“If you don’t want to call me pretty just don’t say anything. Don’t say you’re pretty for a dark skinned girl.” – American female
First it was natural hair versus relaxed hair for black persons. With the change of the century and the ease at which persons can voice their opinions/feelings through their fashion and lifestyle, it’s now dark skin vs. light skin within the black community. There already exists the phenomena of white versus black, but why is it that we have to fight within our own race?
Why are we always fighting against each other?
Nowadays persons want to be light skinned; seemingly another issue the media portrays (one skin tone being glorified over another). As a result, it is seen that dark-skinned is ugly and light skinned persons are pretty; and as such persons would rather date lighter skinned persons portrayed in music videos, etc.
In some retrospect, the media has been showcasing more dark skinned persons, with the black movement etc., however, they are paying more attention to dark-skinned males for example Morris Chestnut, Taye Diggs, Idris Alba, and more leaning towards light skin females. So much so that the darker skinned females are gradually becoming shades lighter in order to meet this society demand; the opportunity to ‘fit in’.
“It’s hard if you are growing up in a country or place that that’s all you see. It’s hard to have high self-esteem or be comfortable in your own skin with the issue of being dark skinned you are seen as unattractive being in your face at every corner. It will take a very strong person to ignore that and still love your skin tone. I was the only dark-skinned girl in my family and I honestly didn’t let what persons in my family and around me were saying get to me.” – Ghanian female.
The light skin versus dark skin phenomena is an issue in the community because people judge a person on whether they are light or dark skinned.

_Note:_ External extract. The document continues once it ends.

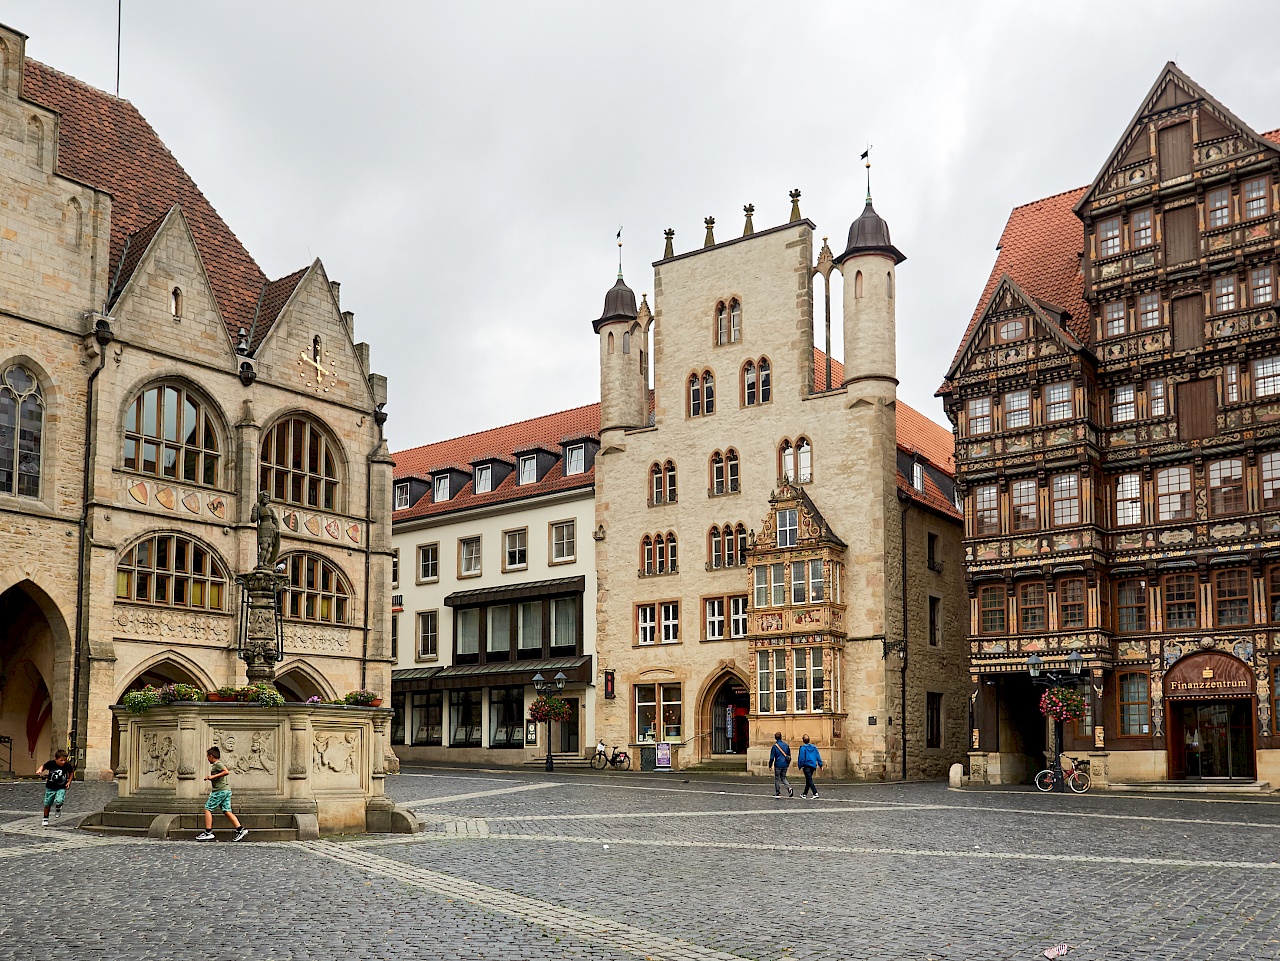 Historischer Marktplatz in Hildesheim
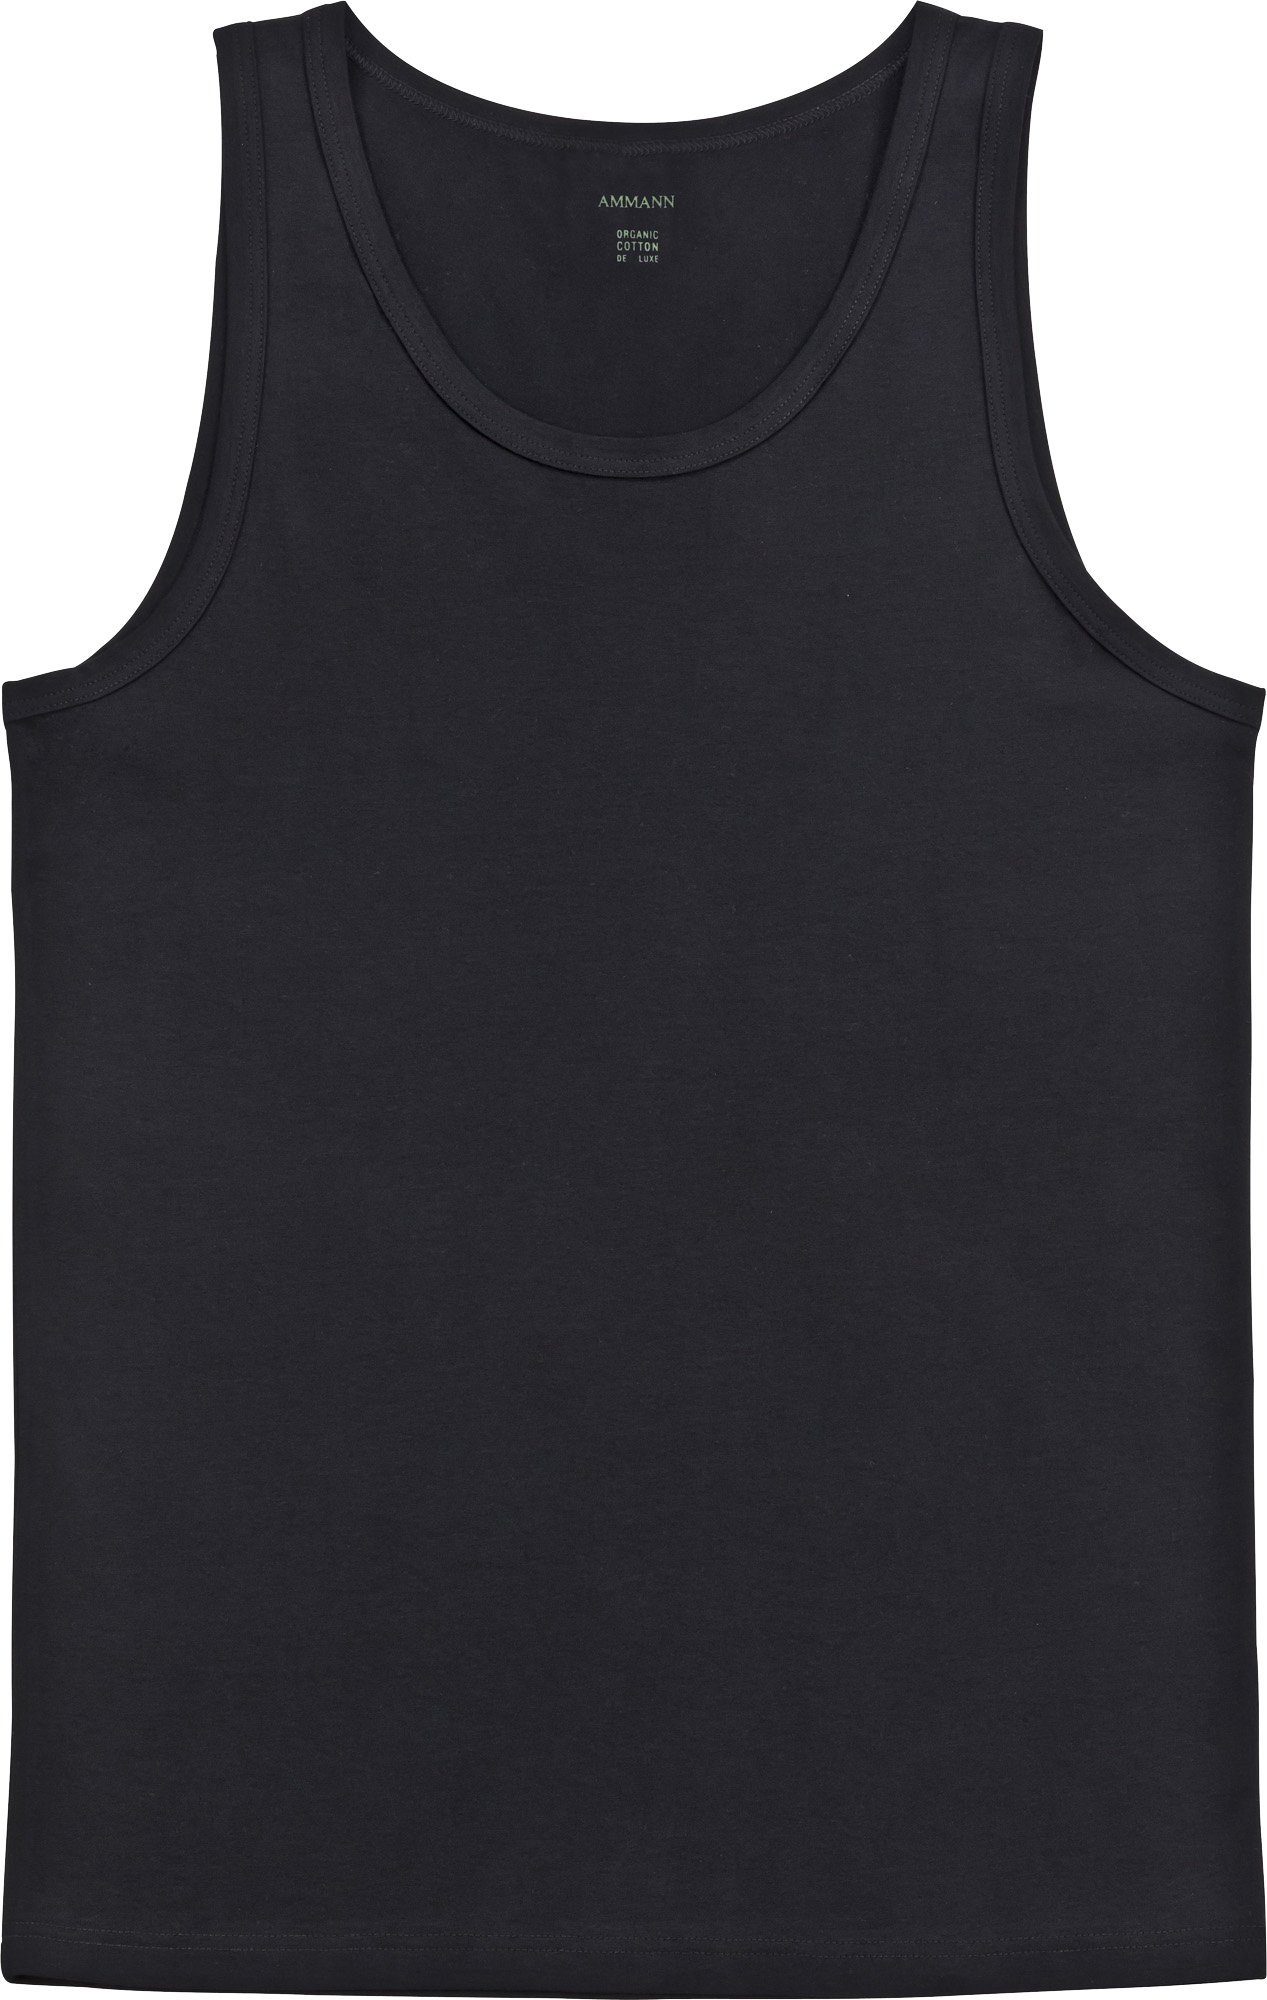 Ammann Unterhemd Bio Herren-Unterhemd Single-Jersey Uni schwarz

Some dark skinned persons somewhat feel like they have to measure up, or overcompensate for the fact that they are of a certain colour and lack in certain areas.
“I think it goes back in time. It was what the white men wanted and we wanted to be as close to white as possible and the light skin was what the black people had that was closest to white. Even then the white men brought the light skinned or mulatos into their houses; you seldom saw a dark-skinned man or woman outside of the plantation fields.” – Black male student.
It also falls back on culture and society and the upbringing of individuals in said society. While you can choose not to be affected, some persons do not have the self-esteem to be individual, unique and stand out in the crowd. Unfortunately some persons are followers and as such it is easier for the media to be more influential on those individuals; not to mention those who crave to belong in society. It is no longer about the house you live in, the car you drive or where you work. Appearance has and will always be an issue that will plague society. Not just your appearance but the appearance of your family, your spouse, your friends and even your children.
“If you have people who are around you and are so negative and willing to bring you down of course after a while you will start feeling self-conscious no matter if your upbringing taught you that you were beautiful…..I am now accepting my skin color. Before I didn’t like it at all and that also speaks to kids growing up now. We as adults can accept the skin were in, we have weave, make-up, etc., but persons are now more drawn to wanting the light-skinned babies and kids than the dark skinned children. It seems that the dark skin children have to be extremely cute to make it in life. There is a standard to which we compare these children to the majority of the pictures on social media, the ones that are portrayed as cute; that is what we compare our children to.” – Ghanaian female
Love yourself. Accept your flaws and differences. Surround yourself with positive people. Love the skin you’re in.